By Daniel Hathaway
Today at Noon, organist Jonathan Moyer will play music by Georg Böhm & Franz Liszt on both organs at the Church of the Covenant.
Tonight at 7:30, the Cleveland Chamber Music Society opens its 74th season with the Belcea Quartet (pictured), formed in 1994 when its members were studying at the Royal College of Music in London. On the menu: quartets by Schubert, Dvořák & Bartók. Come early and hear a 6:30 pre-concert interview with Eric Kisch. But don’t — out of habit — come to Plymouth Church. The concert has been moved to the Disciples Cultural Arts Center in Cleveland Heights.
For details, visit our Concert Listings.
TODAY’S ALMANAC:
On October 17, 1849 Frederic Chopin died in Paris. Having planned ahead, his coffin was sprinkled with earth he had brought from Poland before his remains were interred at Père Lachaise Cemetery. You can visit his grave there along with those of such luminaries as Oscar Wilde, Jim Morrison, and Édith Piaf.
On this date in 1943, Naumburg prize winning violinist, violist conductor and soprano Susan Davenny Wyner was born in New Haven. She made her Met Opera debut — her only performance in that house — in October of 1981 as Woglinde in Wagner’s Das Rheingold, and later settled in Ohio to lead the Warren Philharmonic and Opera Western Reserve.
And shockingly, a trio of promising composers — Victor Ulmann, Pavel Haas, and Hans Krása — were murdered by the Nazis on this date in 1944 in the gas chambers of Auschwitz.
In a happier event, British composer Herbert Howells was born on this date in 1892 in Lydney, Gloucestershire. Howells’ reputation is based on his large output of Anglican church music — ecstatic and elegiac works that celebrate particular cathedrals and choirs, many of which commemorate Howells’ son Michael, who died of polio at the age of nine. Howells’ Magnificat and Nunc Dimittis for London’s St. Paul’s Cathedral is a good example of his lofty tone and special harmonic language: this performance by St. Paul’s Choir in Christopher Wren’s monumental building is led by Barry Rose, with Christopher Dearnley at the organ.
This would also be a good opportunity to take a dip into Howells’ catalog of chamber music. Follow along with the score of his Piano Quartet in a minor here.

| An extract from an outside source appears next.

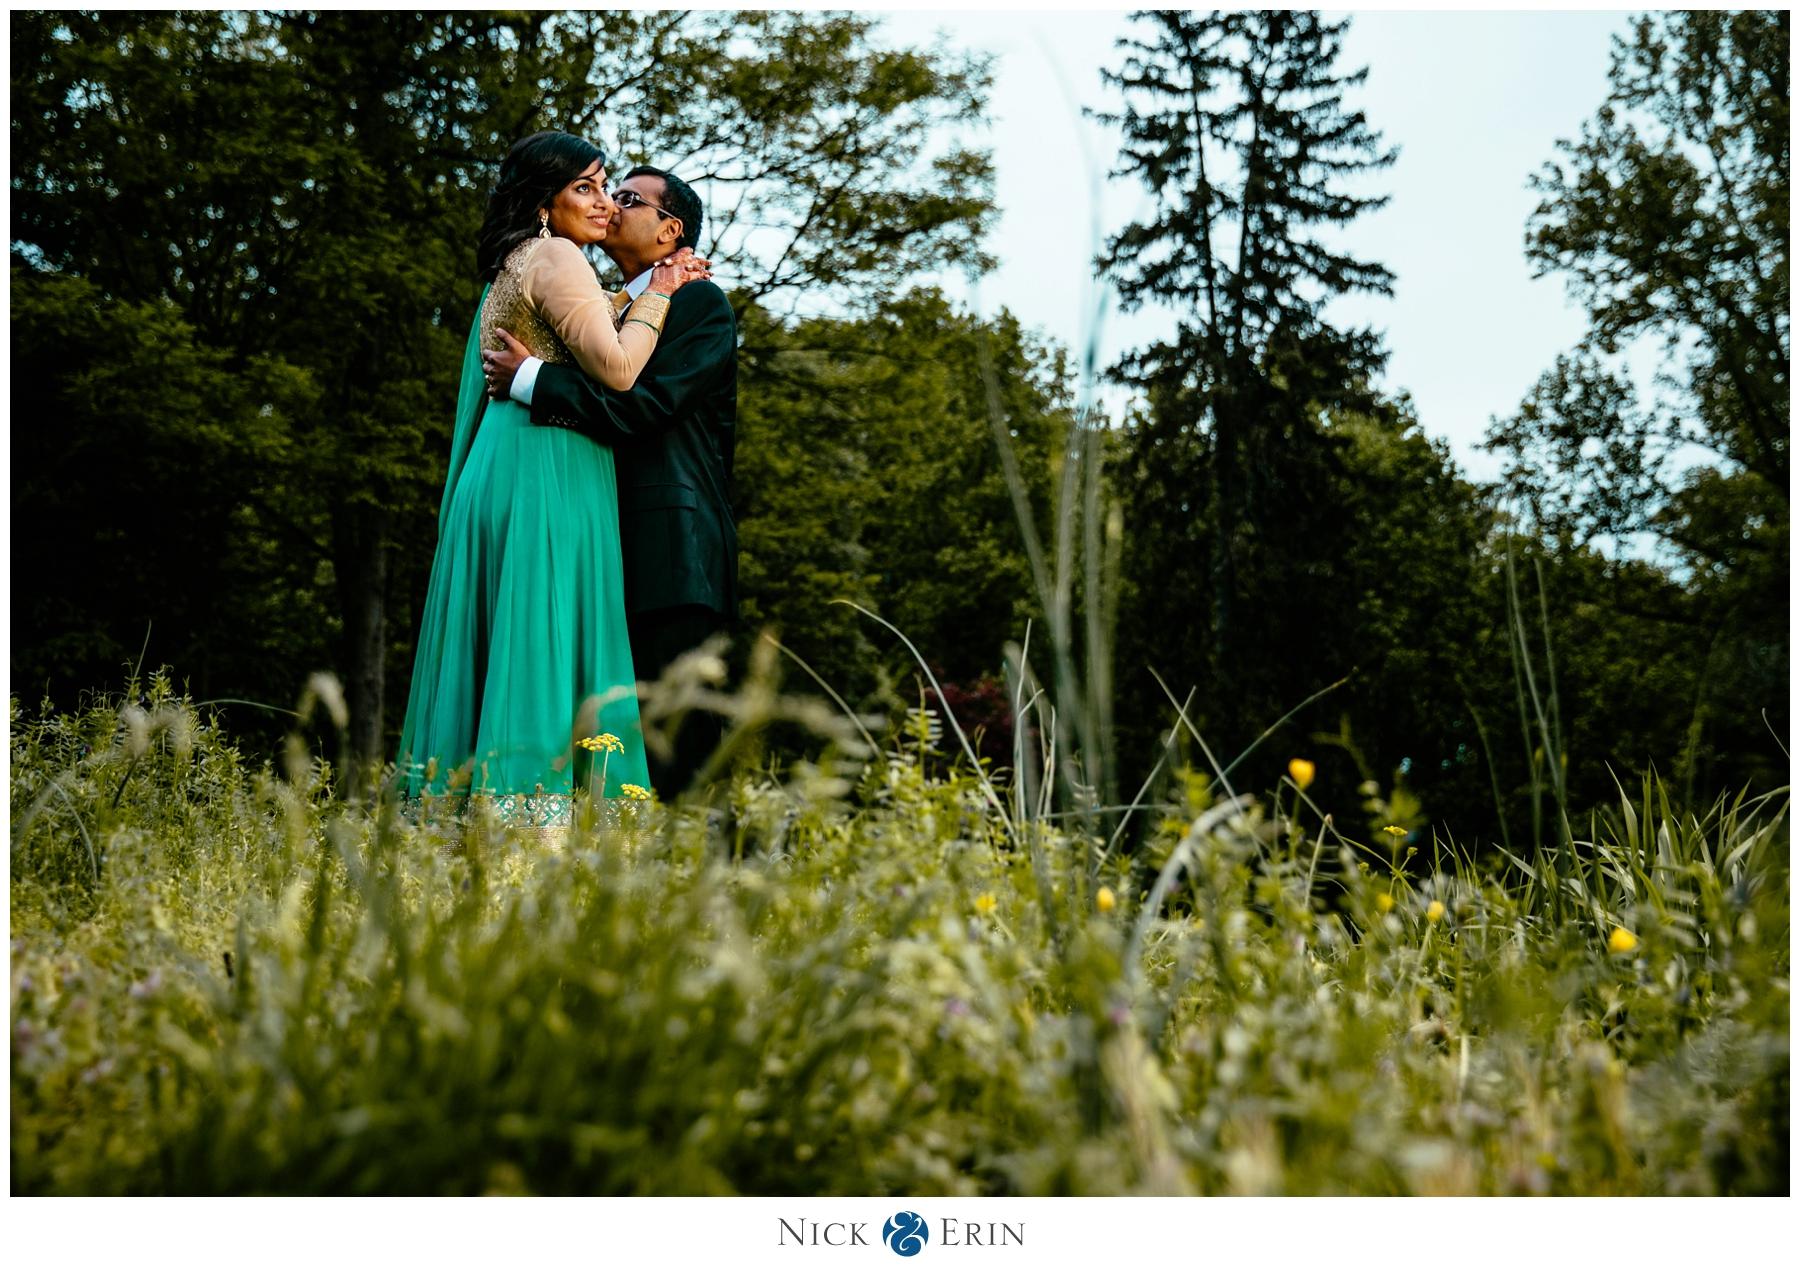 Donner_Photography_Arlington VA Wedding_Amrith and Aleefia_00010

Pavel Haas’ String Quartet No. 2, “From the Monkey Mountains” was performed by the ensemble that bears his name on the Cleveland Chamber Music Society series on April 17, 2012. Listen to their recording here. His Wind Quintet has been featured locally on concerts by the Berlin Philharmonic Wind Quintet (CCMS series), CIM faculty and students (“Violins of Hope” series), and CityMusic Cleveland (“The Composers of Theresienstadt,” including Viktor Ullmann’s Quartet No. 3).